The Stoxx Europe 600 index rose 0.6 percent, London's FTSE 100 was up 0.7 percent, Germany's DAX-30 was up 0.6 percent and France's CAC-40 was trading up 0.9 percent.
In China, HSBC's Flash Manufacturing PMI for July, released Wednesday, showed that the manufacturing sector of the world's second-largest economy contracted for a third-straight month and at its quickest pace since last August.

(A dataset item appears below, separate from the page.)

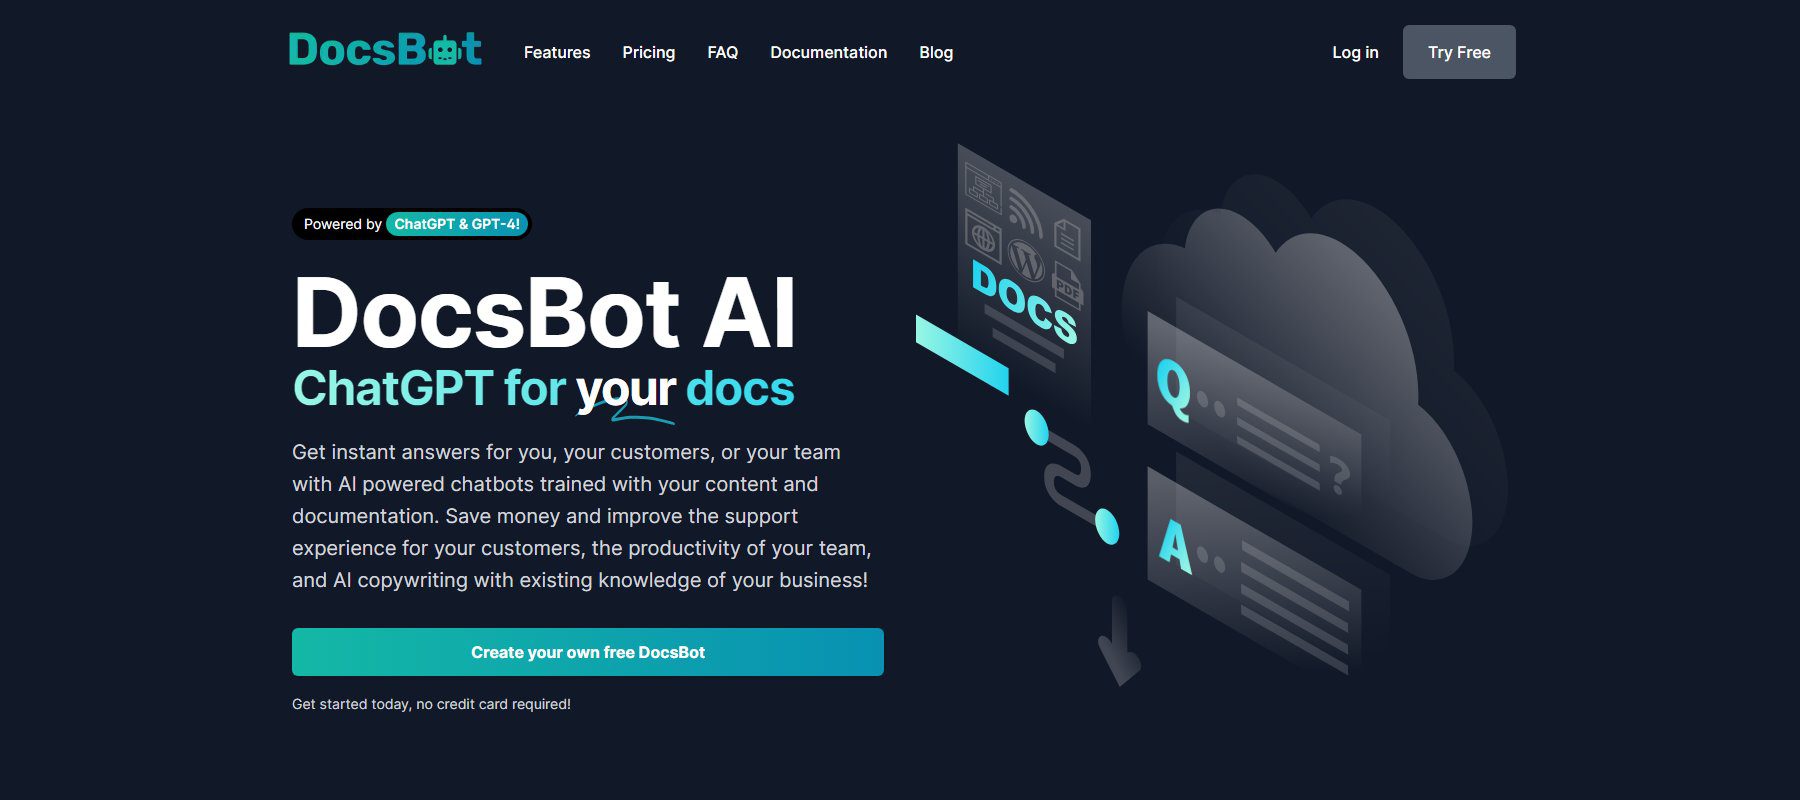 Docsbot AI 聊天機器人 - 首頁
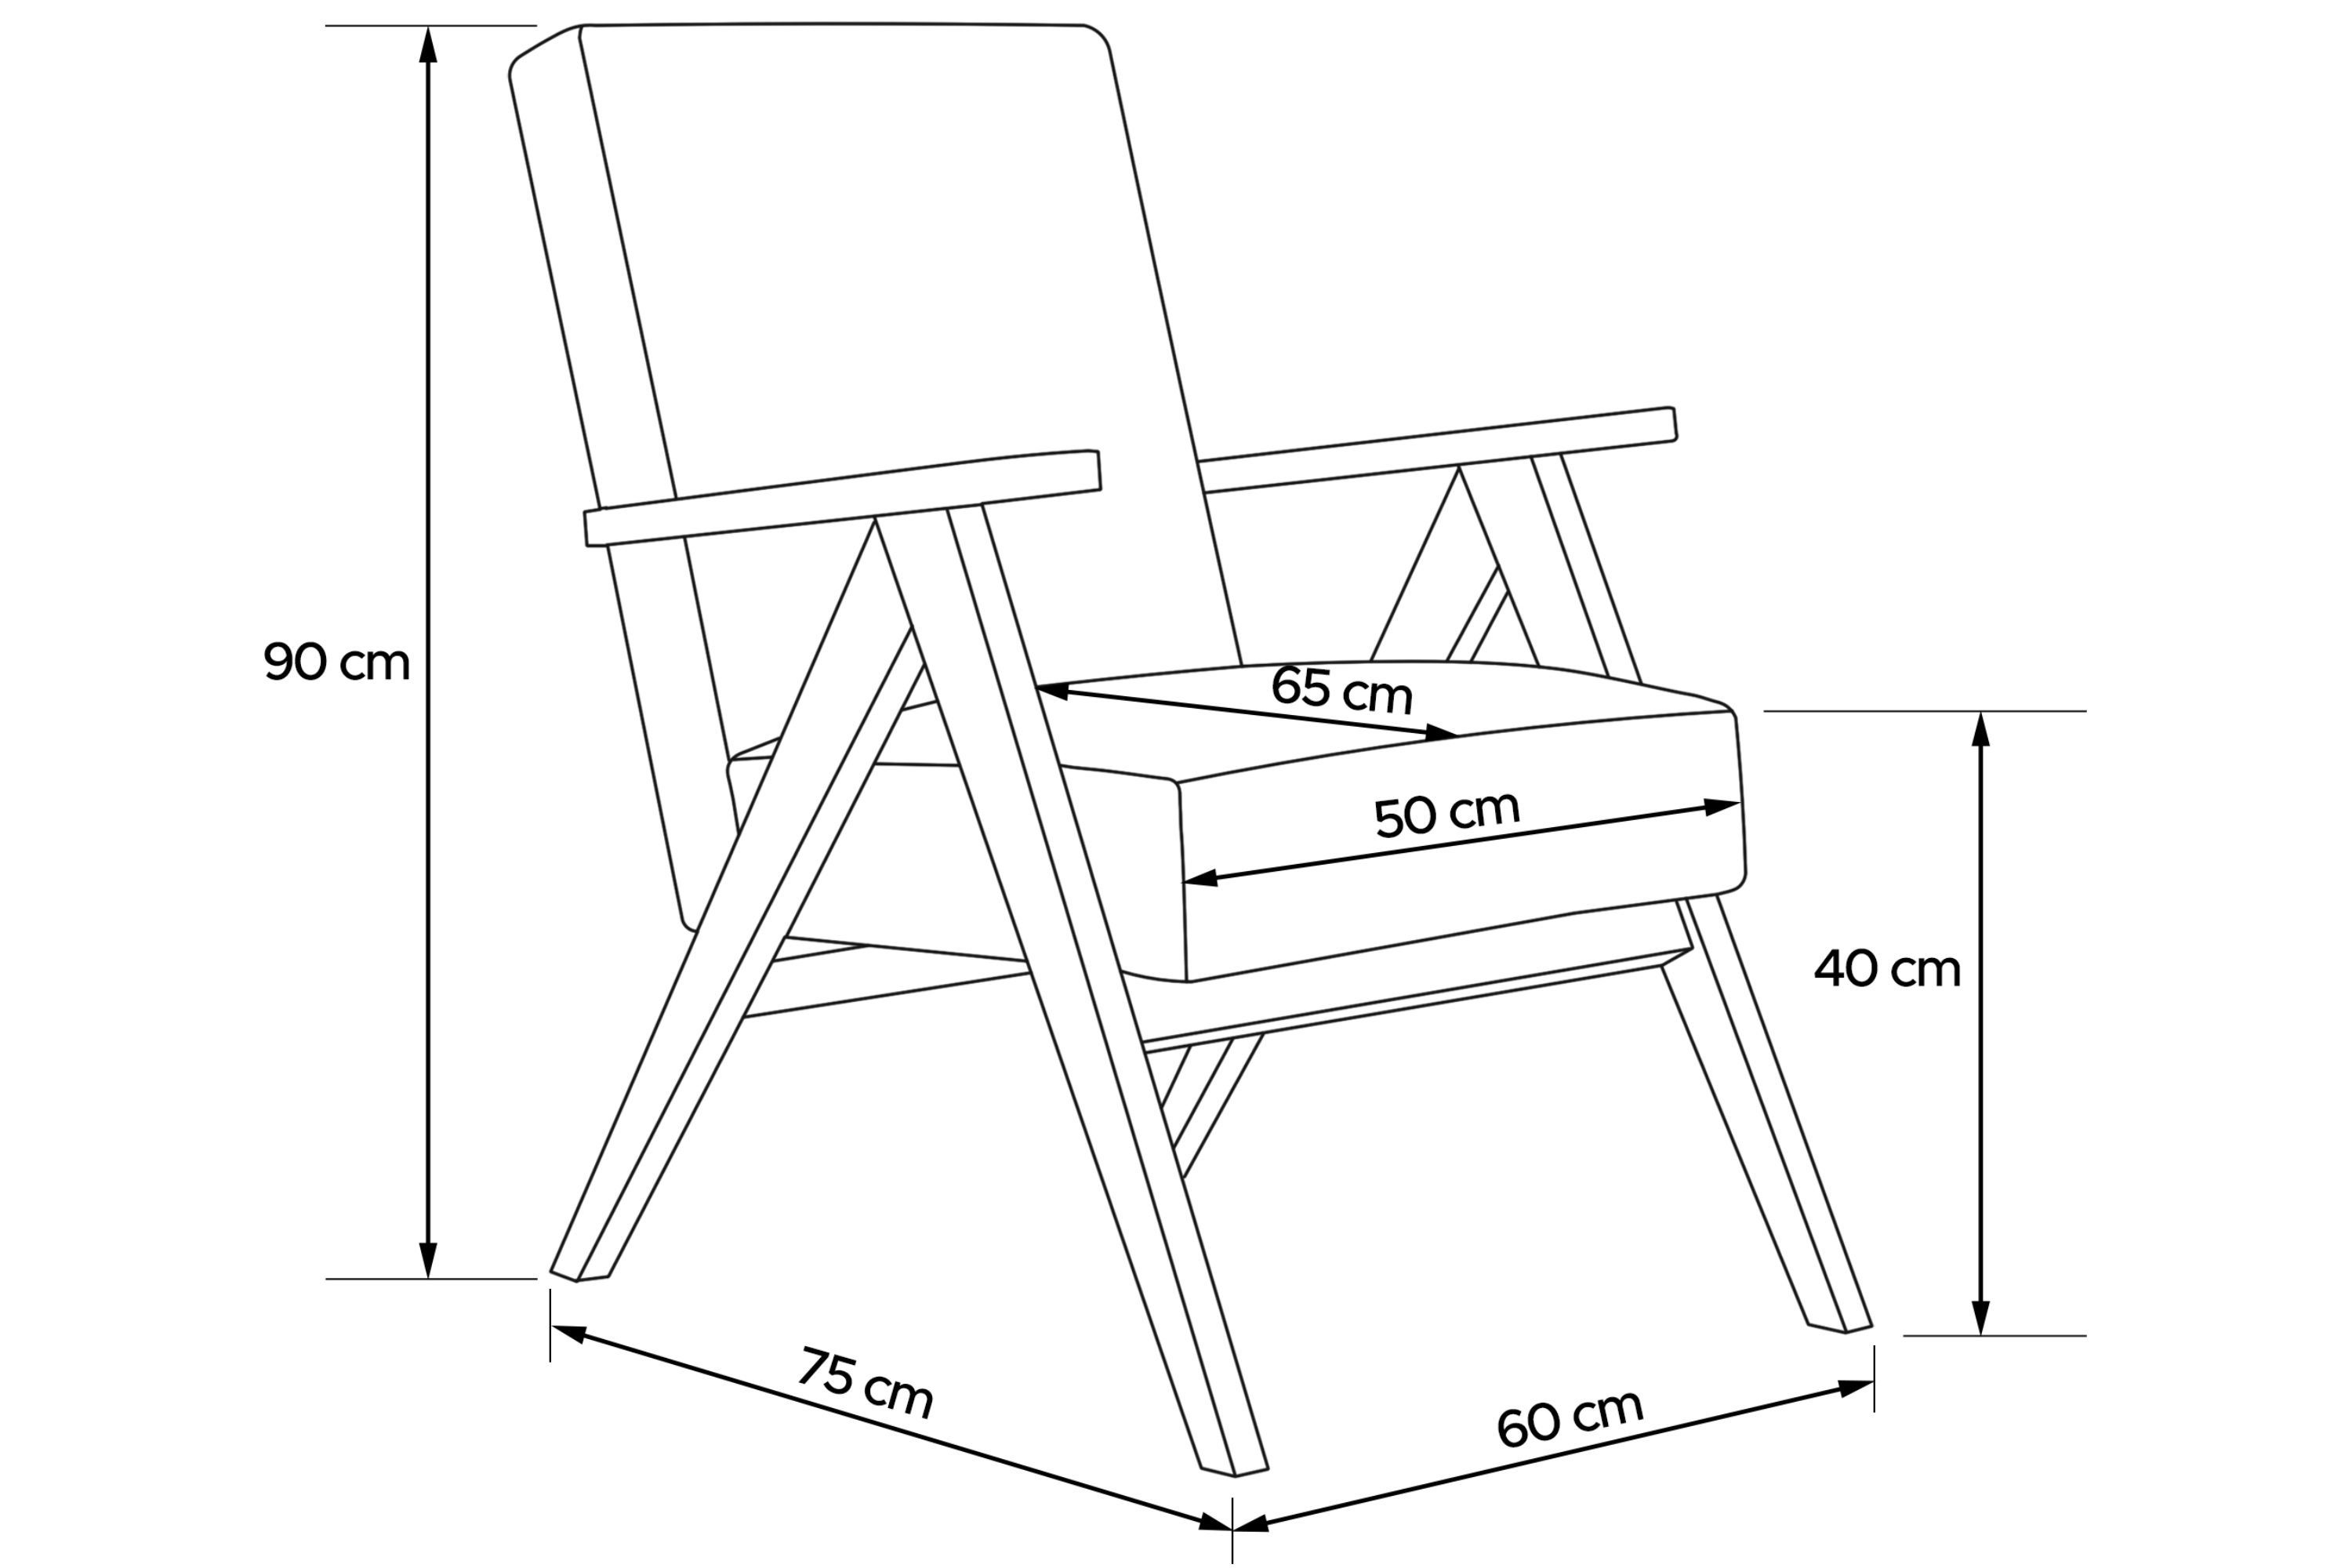 Konsimo Rahmen Rückenlehne Holz, profilierte Sessel, Cocktailsessel aus lackiertem NASET

The preliminary reading of the survey for July at 47.7 -- an 11-month low -- was against market expectations for the PMI to hold steady at 48.2, and China's Shanghai Composite index fell 1.3 percent after the news in mid-morning trade, but trimmed losses to end down 0.5 percent. However, the PMI data failed to significantly impact other markets in the region as the disappointing numbers sparked hopes that Beijing would launch stimulus measures soon.
Hong Kong's Hang Seng Index closed up 0.2 percent while South Korea's KOSPI Composite index ended up 0.4 percent and Australia's S&P/ASX 200 gained 0.4 percent.
India's BSE Sensex was trading down 1.2 percent in late-afternoon trade Wednesday, after the Reserve Bank of India took measures to tighten liquidity in the banking system to arrest the rupee's free fall against the dollar. In Japan, the Nikkei lost 0.3 percent after the yen strengthened against the U.S. dollar.
Earlier on Wednesday, Japan reported a 7.4 percent jump in exports helped by a weaker yen, which has depreciated more than 27 percent against the dollar during the past year. However, the data disappointed markets as analysts had expected exports to grow by 10.3 percent.